On Mon, May 04, 2020 at 09:14:20AM +0100, John Garry wrote:
> On 03/05/2020 00:54, Ming Lei wrote:
> > Hi,
> > 
> > Thomas mentioned:
> >      "
> >       That was the constraint of managed interrupts from the very beginning:
> >        The driver/subsystem has to quiesce the interrupt line and the associated
> >        queue _before_ it gets shutdown in CPU unplug and not fiddle with it
> >        until it's restarted by the core when the CPU is plugged in again.
> >      "
> > 
> > But no drivers or blk-mq do that before one hctx becomes inactive(all
> > CPUs for one hctx are offline), and even it is worse, blk-mq stills tries
> > to run hw queue after hctx is dead, see blk_mq_hctx_notify_dead().
> > 
> > This patchset tries to address the issue by two stages:
> > 
> > 1) add one new cpuhp state of CPUHP_AP_BLK_MQ_ONLINE
> > 
> > - mark the hctx as internal stopped, and drain all in-flight requests
> > if the hctx is going to be dead.
> > 
> > 2) re-submit IO in the state of CPUHP_BLK_MQ_DEAD after the hctx becomes dead
> > 
> > - steal bios from the request, and resubmit them via generic_make_request(),
> > then these IO will be mapped to other live hctx for dispatch
> > 
> > Thanks John Garry for running lots of tests on arm64 with this patchset
> > and co-working on investigating all kinds of issues.
> > 
> > Thanks Christoph's review on V7.
> > 
> > Please comment & review, thanks!
> > 
> 
> Hi Ming,
> 
> Bad news, I see this on the first hotplug loop:
> 
> [66.628964] CPU2: shutdown
> [66.631663] psci: CPU2 killed (polled 0 ms)

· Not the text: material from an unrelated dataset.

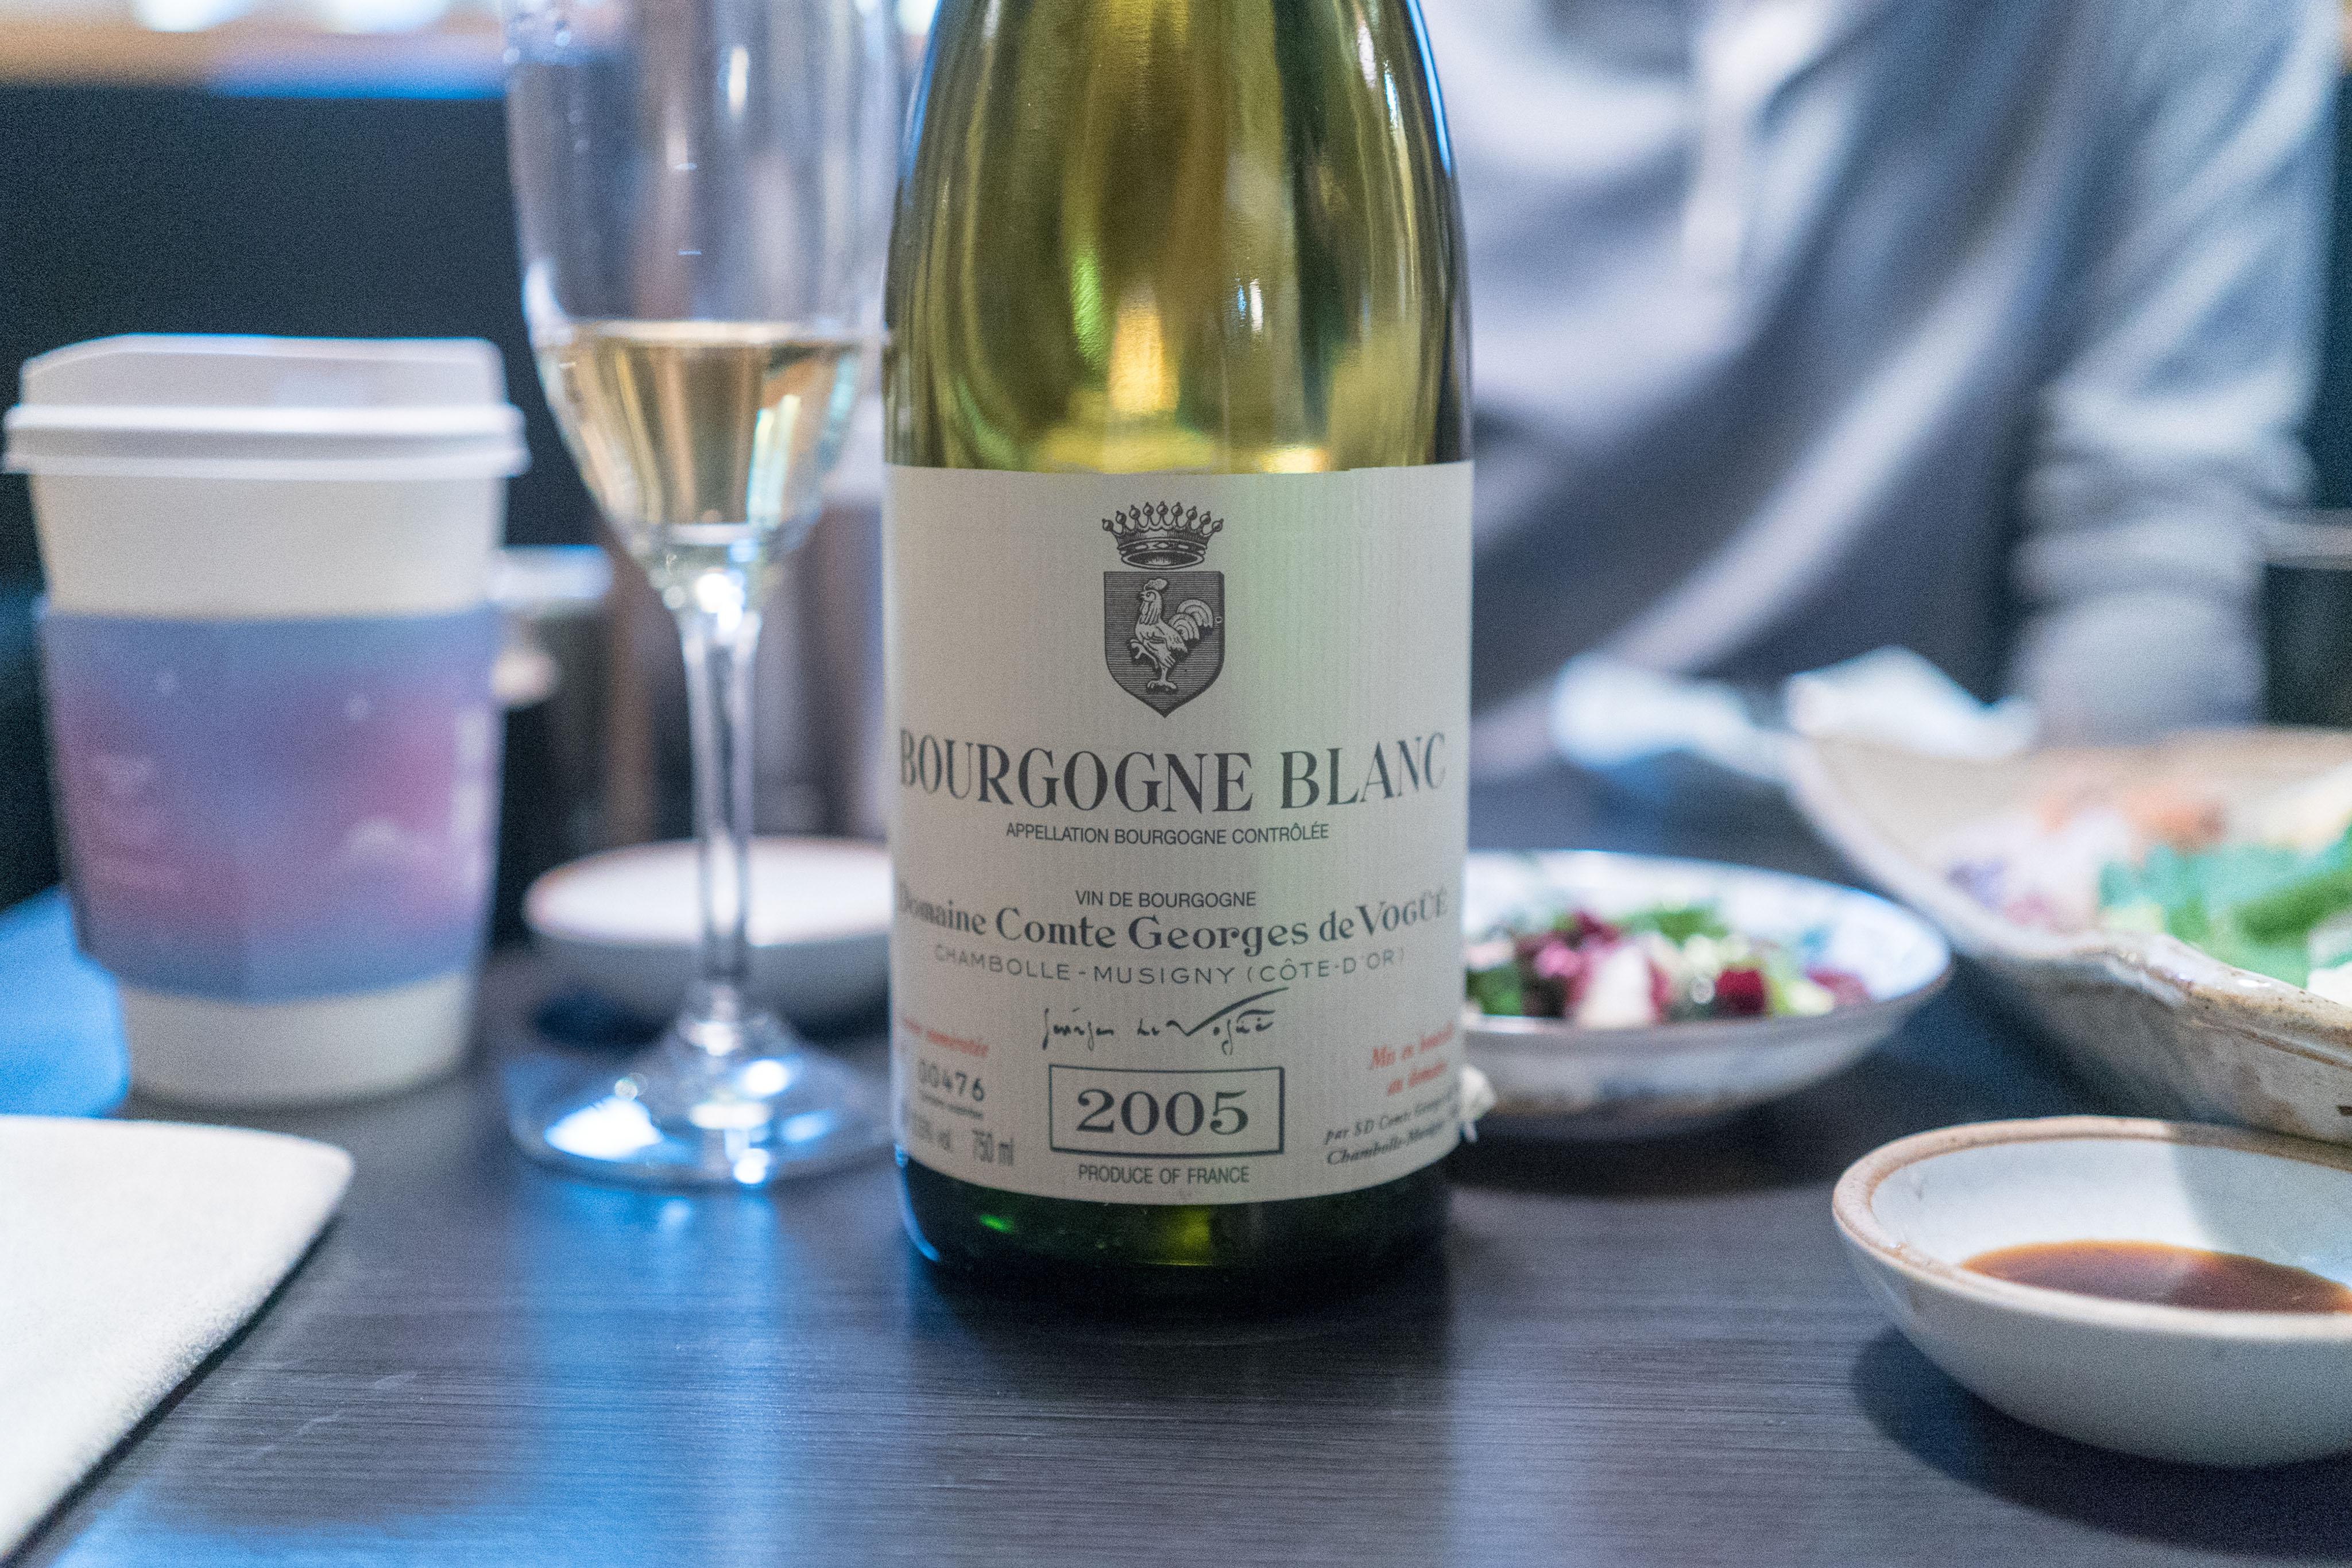 Domaine Comte Georges de Vogue Bourgogne Blanc 2005

> [66.681062] CPU3: shutdown
> [66.683761] psci: CPU3 killed (polled 0 ms)
> [66.717097] CPU4: shutdown
> [66.719796] psci: CPU4 killed (polled 0 ms)
> [66.753136] CPU5: shutdown
> [66.755834] psci: CPU5 killed (polled 0 ms)
> [66.801234] CPU6: shutdown=2746MiB/s,w=0KiB/s][r=703k,w=0 IOPS][eta 00m:55s]
> [66.803932] psci: CPU6 killed (polled 0 ms)
> [66.837170] irq_shutdown irq150
> [66.840410] CPU7: shutdown
> [66.843112] psci: CPU7 killed (polled 0 ms)
> [66.885394] CPU8: shutdown
> [66.888092] psci: CPU8 killed (polled 0 ms)
> [66.925431] CPU9: shutdown
> [66.928128] psci: CPU9 killed (polled 0 ms)
> [66.965526] CPU10: shutdown
> [66.968311] psci: CPU10 killed (polled 0 ms)
> [67.025569] irq_shutdown irq151
> [67.028808] CPU11: shutdown
> [67.031599] psci: CPU11 killed (polled 0 ms)
> [67.306393] CPU12: shutdown
> [67.309179] psci: CPU12 killed (polled 0 ms)
> [67.347266] CPU13: shutdown
> [67.350058] psci: CPU13 killed (polled 0 ms)
> [67.410910] CPU14: shutdown
> [67.413695] psci: CPU14 killed (polled 0 ms)
> [67.454453] irq_shutdown irq152
> [67.457699] CPU15: shutdown
> [67.457799] ------------[ cut here ]------------
> [67.460506] psci: CPU15 killed (polled 0 ms)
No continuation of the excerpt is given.